It's here. The wrath of the Christmas party has arrived. Christmas parties don't like me. I ruin their fun and sometimes even their lives. Last week was the first of a string of hedonistic horror movies. I drove up to the north of England, to a venue where the tables were lined up horizontally like in a school dinner hall, and along them sat the employees of a well-known high street fashion chain.
They were all wearing paper hats, had whistles round their necks and were popping crackers in each other's faces. They were inebriated to the extent that a manager was standing on top of the table trying to sell his own shoes to the highest bidder. It was 7pm and the show hadn't even started.

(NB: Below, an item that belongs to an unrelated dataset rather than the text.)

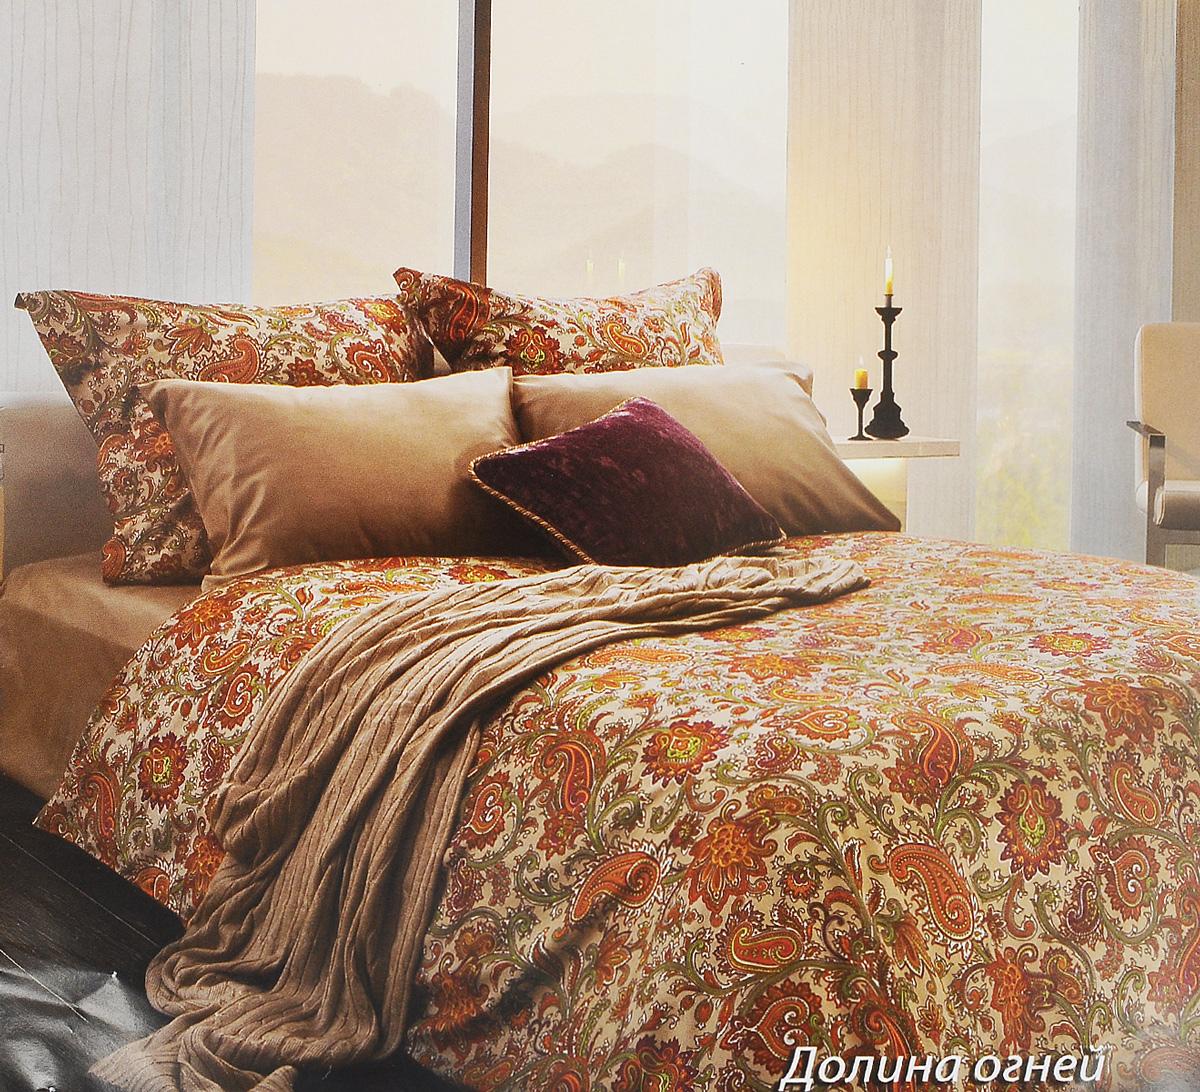 Комплект белья Tiffanys Secret Долина огней, евро, наволочки 70х70, цвет: бежевый, оранжевый, белый2040816134Комплект постельного белья Tiffanys Secret Долина огней является экологически безопасным для всей семьи, так как выполнен из сатина (100% хлопок). Комплект состоит из пододеяльника, простыни и двух наволочек. Предметы комплекта оформлены оригинальным рисунком.Благодаря такому комплекту постельного белья вы сможете создать атмосферу уюта и комфорта в вашей спальне.Сатин - это ткань, навсегда покорившая сердца человечества. Ценившие роскошь персы называли ее атлас, а искушенные в прекрасном французы - сатин. Секрет высококачественного сатина в безупречности всего технологического процесса. Эту благородную ткань делают только из отборной натуральной пряжи, которую получают из самого лучшего тонковолокнистого хлопка. Благодаря использованию самой тонкой хлопковой нити получается необычайно мягкое и нежное полотно. Сатиновое постельное белье превращает жаркие летние ночи в прохладные и освежающие, а холодные зимние - в теплые и согревающие. Сатин очень приятен на ощупь, постельное белье из него долговечно, выдерживает более 300 стирок, и лишь спустя долгое время материал начинает немного тускнеть. Оцените все достоинства постельного белья из сатина, выбирая самое лучшее для себя!

It's always the person in the highest position or with the highest salary who behaves the most outrageously. It seems to be a licence for reckless yet entertaining behaviour. The Christmas party became a write-off by 7.45pm. By this time the rather large, boisterous manager was also a write-off, ordering his staff (mainly young, compliant girls with orange faces and their hair scraped back into scrunchies - and who seemed to be used to obeying this man's orders) to drink more champagne."I've paid a thousand quid for this Krug. Bloody well drink it up, you animals," he said with grotesque affection.
It was then announced to the staff that the comedy show was about to begin, and that three comedians would be trying to unleash words on them. I sensed their disappointment as I walked on to the stage. I was not what they had ordered as suitable "entertainment" for their festive occasion.

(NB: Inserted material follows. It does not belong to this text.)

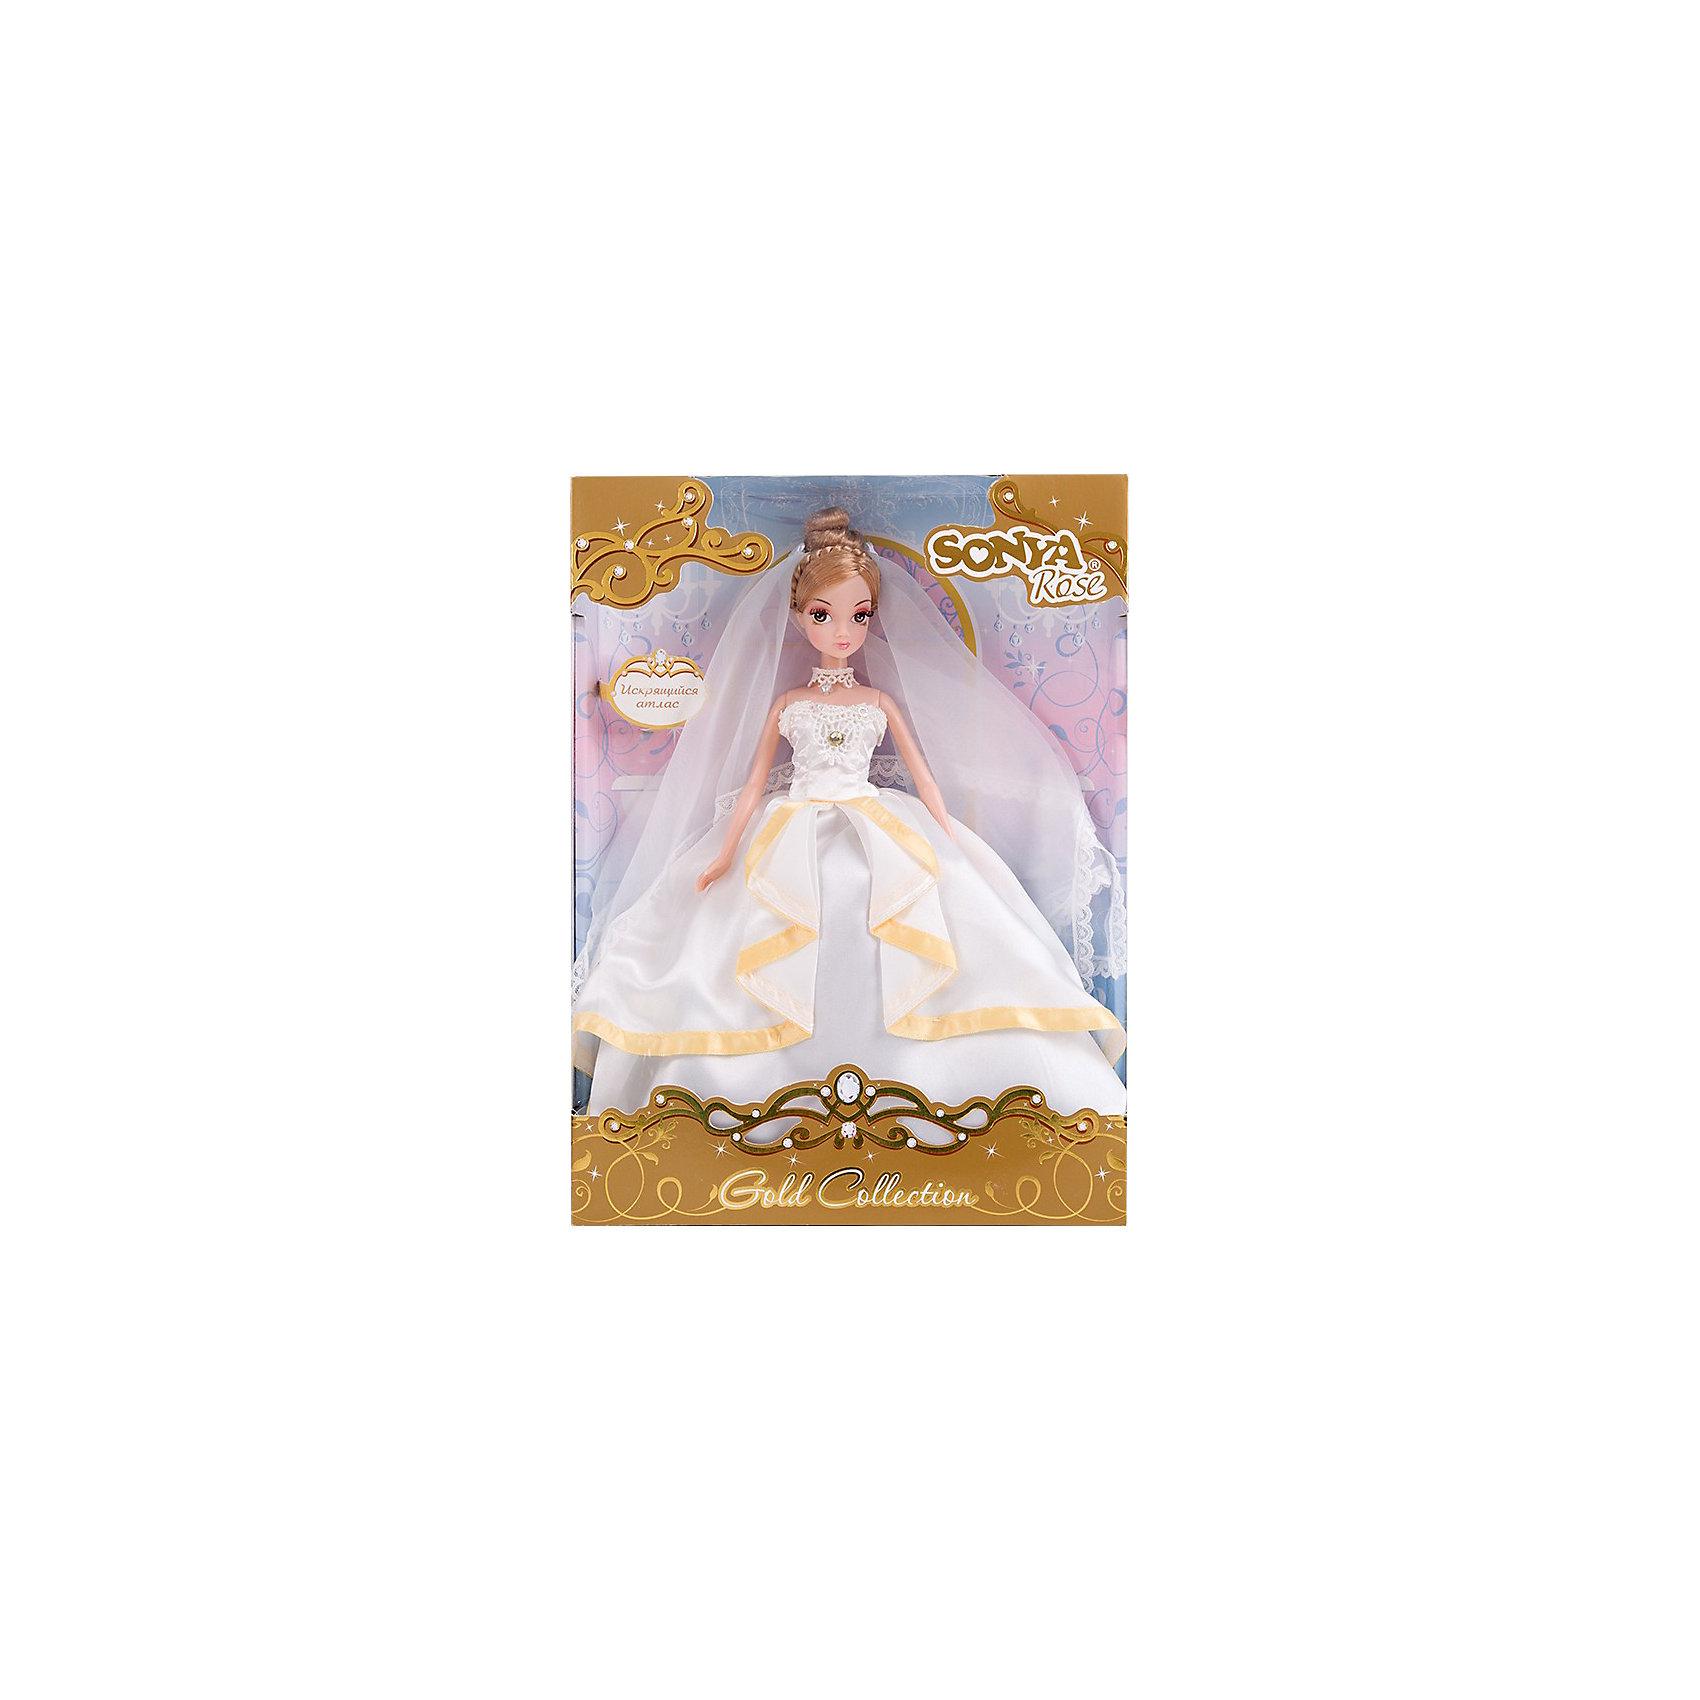 Кукла Искрящийся Атлас Золотая коллекция, Sonya RoseПрекрасная куколка станет любимой игрушкой каждой девочки. Имеет пропорциональное тело и тонкие черты лица. Большие глаза опушены шикарными ресницами. Куколки этой серии одеты в прекрасные платья, невероятно красивые и изысканные. Имеют длинные блестящие волосы, уложенные в стильные прически и изысканные аксессуары. Собери всех кукол серии, пусть они ходят друг к другу в гости, меняются аксессуарами и одеждой.<br><br>Дополнительная информация:<br><br>- Материал: пластик, текстиль<br>- Размер: 27 см<br>- Ножки, ручки, голова куклы - подвижные.<br><br>Куклу Искрящийся Атлас Золотая коллекция, Sonya Rose можно купить в нашем магазине.<br><br>Ширина мм: 230<br>Глубина мм: 70<br>Высота мм: 320<br>Вес г: 400<br>Возраст от месяцев: 36<br>Возраст до месяцев: 84<br>Пол: Женский<br>Возраст: Детский<br>SKU: 3861419

They didn't want me banging on about solutions to racism, or the state of America, or political correctness. They wanted me to whip up 20 minutes of jokes about clothes. That's the thing about Christmas parties: all everybody wants to know and talk about is themselves and their workplace, and if it's not about them they get bored and trash the place.

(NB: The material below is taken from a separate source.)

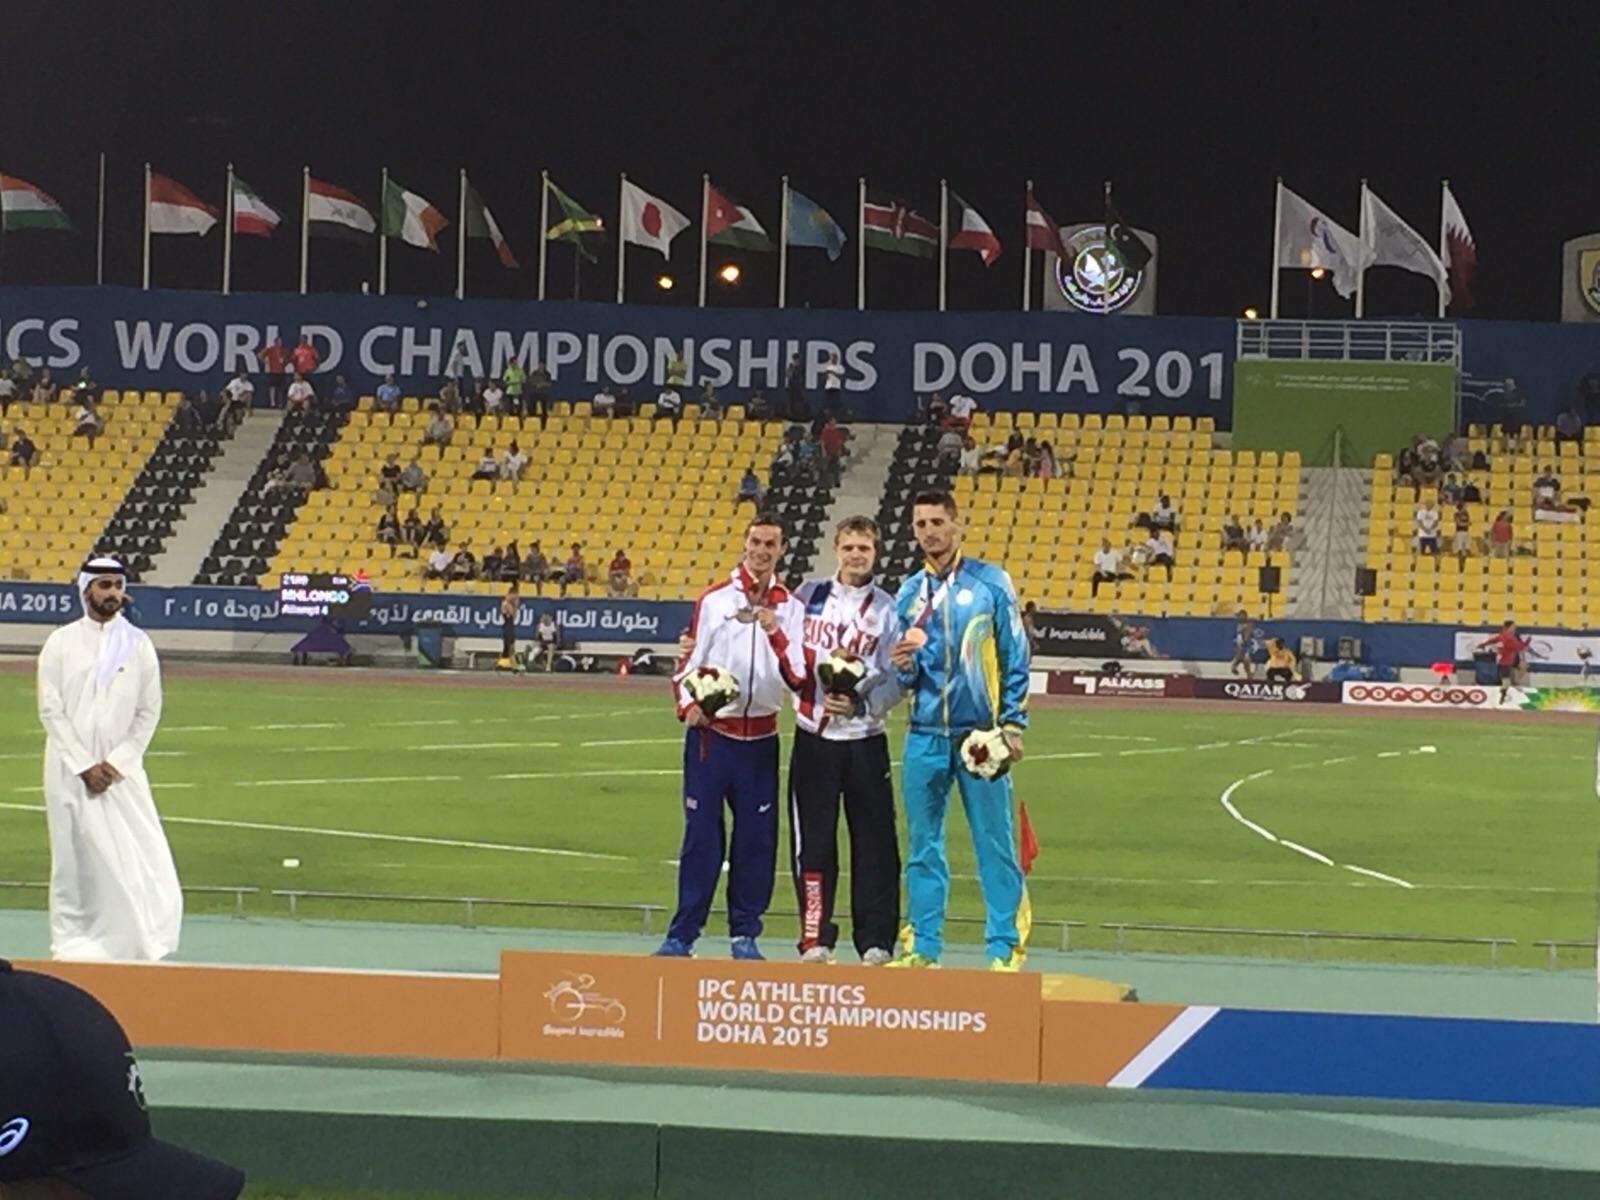 Российские легкоатлеты выиграли 2 золотые, 2 серебряные и 5 бронзовых медалей во второй день чемпионата мира IPC по легкой атлетике в Катаре

I can't wait till the New Statesman Christmas party. No doubt the boss will dance on top of the dinner table and try to sell his employees copies of the magazine.
That was all last week.
I'm now in Arosa, Switzerland. Up here in the Swiss Alps, it's like the Christmas of our childhoods: snow, sledges, reindeer and horses ploughing people through the snow. There are rich people with no taste drinking champagne on the slopes while trying to ski at several hundred miles per hour. This is the first time in ten years I have seen real snow. It has had sufficient impact to make me build a snowman and throw snowballs at old people in the street.
That is the beauty of snow - it makes even adults act like five-year-olds. Snow has disappeared from the UK and has been replaced with postal strikes.
Tomorrow night I will be performing a show at the 16th Annual Arosa Humour Festival. The audience will be made up mainly of Swiss and Germans. I imagine that performing an hour of comedy in English to these people will have its ups and downs, but after the corporate party, I'm quite looking forward to 500 Germans.
Last night, however, I was taken aside by the festival organiser and specifically told: "This is a humour festival, not a comedy festival, so please adjust your performance accordingly. There is a difference between humour and comedy, and German comedy is still in development. Thanks for your understanding."
This was a euphemism for "don't be too funny - that doesn't fit into our agenda". So, basically, I am just going to remove all punchlines from my set and replace them with grabbing my breasts and pulling down my trousers. Rather like the corporate Christmas party.